The 2021 All-Ireland Under-20 Hurling Championship final was a hurling match that was played on 18 August 2021 to determine the winners of the 2021 All-Ireland Under-20 Hurling Championship, the 58th season of the All-Ireland Under-20 Hurling Championship, a tournament organised by the Gaelic Athletic Association for the champion teams of Leinster and Munster. The final was contested by Cork of Munster and Galway of Leinster.
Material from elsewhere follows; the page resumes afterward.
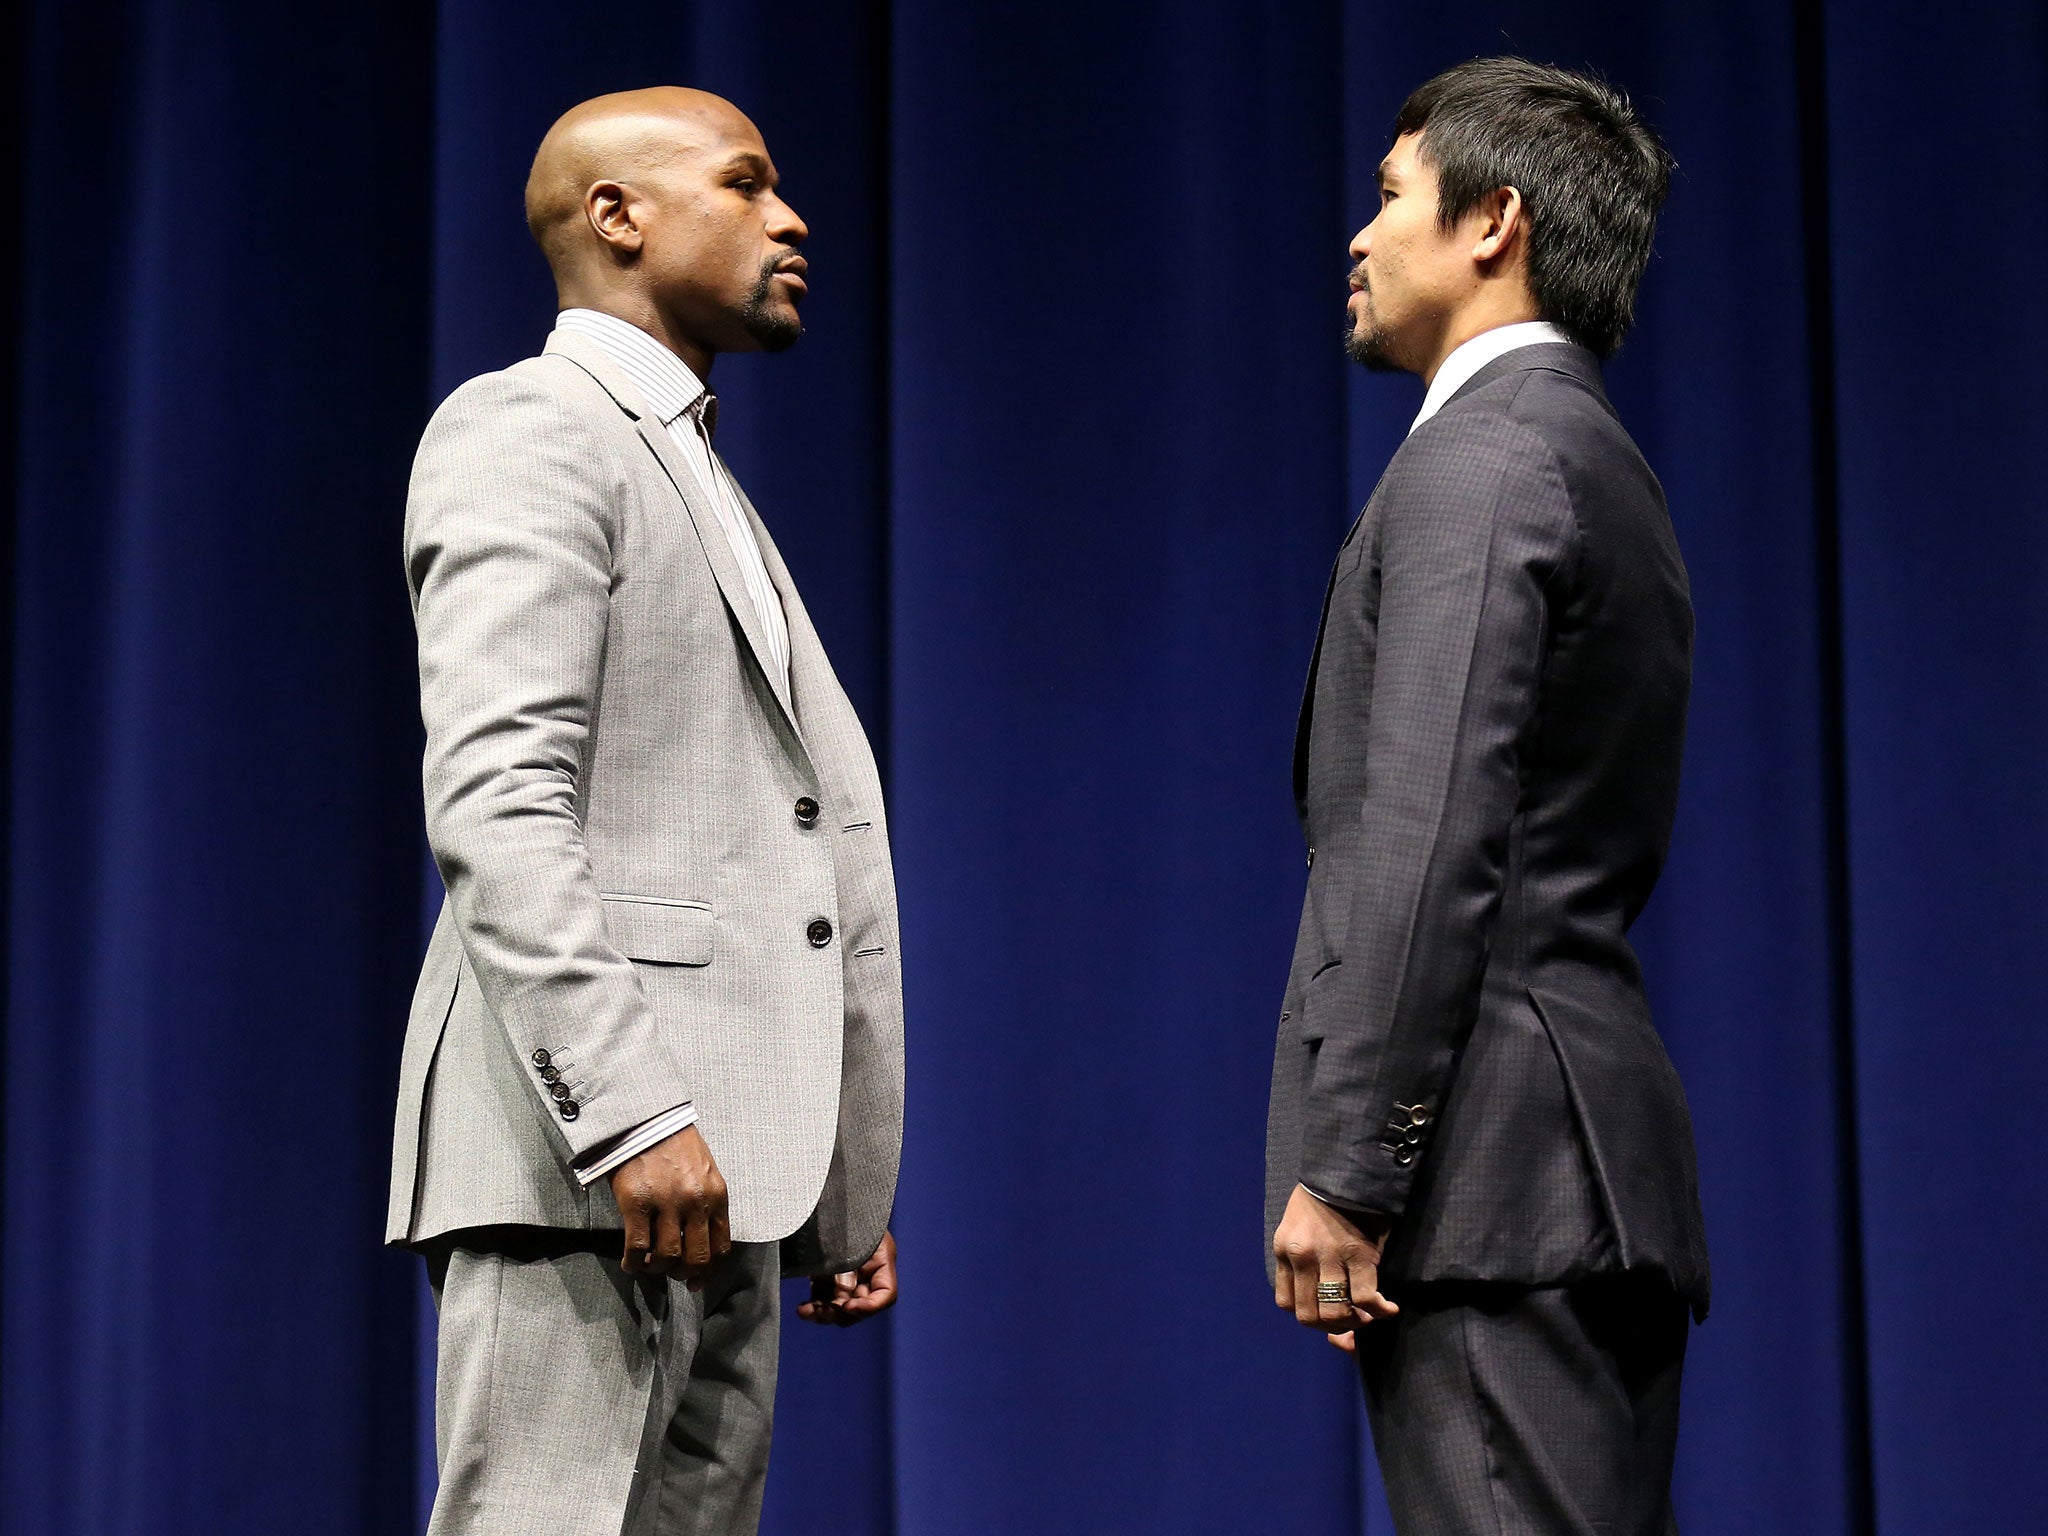 Floyd Mayweather and Manny Pacquiao go head-to-head

The All-Ireland final between Cork and Galway was the third All-Ireland final meeting between the two teams and a first since 1998. Cork were hoping to claim a record 13th All-Ireland title and a second successive title, while Galway were hoping to claim their first title since 2011.

Cork dominated the opening exchanges and led by 1-04 to 0-00 after ten minutes with Darragh Flynn scoring a penalty after three minutes. Cork went eight points ahead before Donal O'Shea got Galway's first score with a free after 14 minutes. He followed with another free directly afterwards but then Galway failed to clear their lines and Jack Cahalane scored Cork's second goal to lead by 2-05 to 0-02 at the first water break. A save from Galway goalkeeper Paddy Rabbitte denied Daniel Hogan a third Cork goal, however, they still ended the half leading by 2-09 to 0-05.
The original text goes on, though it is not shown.